During antiviral therapy, dyslipidemia affects HBeAg seroconversion in CHB patients treated with NAs, but does not affect the virological response.
中国的血脂异常患病率正逐年上升。目前的研究表明,血脂异常会影响丙型肝炎病毒(HCV)治疗的抗病毒疗效,而最近的研究表明,血清脂质会影响接受聚乙二醇干扰素-α(Peg IFN-α)治疗的慢性乙型肝炎(CHB)患者的应答率。然而,血脂异常在 CHB 患者核苷(酸)类似物(NAs)治疗中的疗效中的作用尚不清楚。
从 2010 年 1 月至 2013 年 12 月,评估了 179 例初治 HBeAg 阳性且就诊于温州医科大学第一附属医院的 CHB 患者的数据。其中 68 例被分配到血脂异常组(诊断为 CHB 合并血脂异常),111 例分配到正常血脂组。所有 CHB 患者在 5 年内均进行以下 3 种治疗策略:拉米夫定(LAM)加阿德福韦酯(ADV)联合治疗、替比夫定(LdT)单药治疗和恩替卡韦(ETV)单药治疗。比较两组患者治疗前和治疗后不同时间点的血清学评估、血液生化学、HBV 血清学标志物、HBV DNA 和 HBeAg 血清学转换及病毒学应答。计量资料采用τ检验比较,计数资料采用χ检验比较。采用二元逻辑回归分析进行相关性分析。

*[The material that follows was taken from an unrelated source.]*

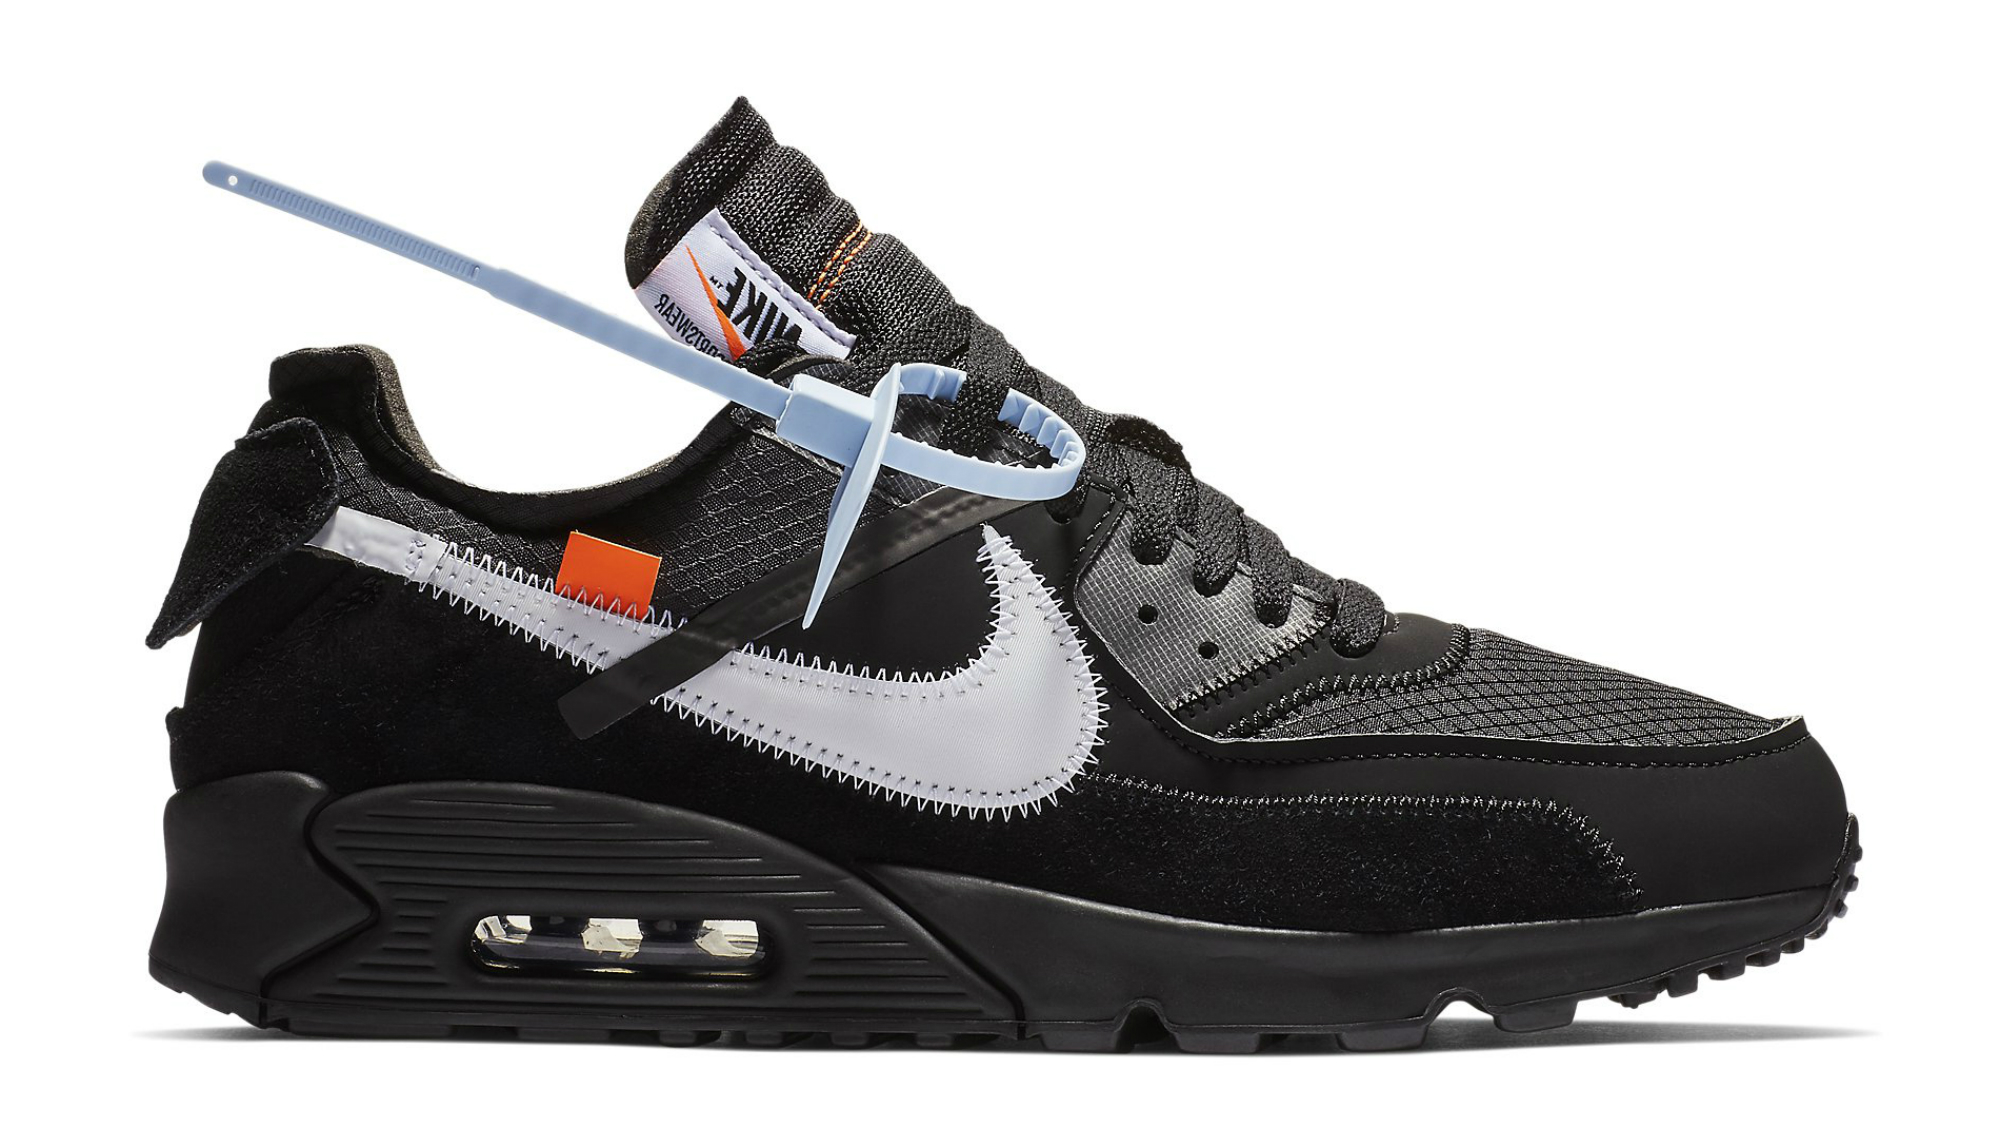 off white nike air max 90 black aa7293 001 release date

血脂异常组在第 1、2、3、4 年的 HBeAg 血清学转换率分别为 10.3%、13.2%、17.6%和 22.1%,均显著低于正常血脂组的 11.7%、16.2%、18.0%和 33.3%(χ=0.085、0.293、0.004、2.601,均Ρ>0.05)。然而,血脂异常组在第 5 年的 HBeAg 血清学转换率明显低于正常血脂组(27.9%比 43.2%,χ=4.216,Ρ<0.05)。单因素逻辑回归分析显示,两组间 HBeAg 血清学转换与未转换组在组、性别、PTA、ALT、AST、CR 和 LDL-C 方面存在显著差异。多因素回归分析表明,血脂异常(OR=1.993,Ρ=0.038)和男性(OR=2.317,Ρ=0.029)是与 HBeAg 血清学转换相关的危险因素。
在抗病毒治疗期间,血脂异常会影响 CHB 患者接受 NAs 治疗后的 HBeAg 血清学转换,但不会影响病毒学应答。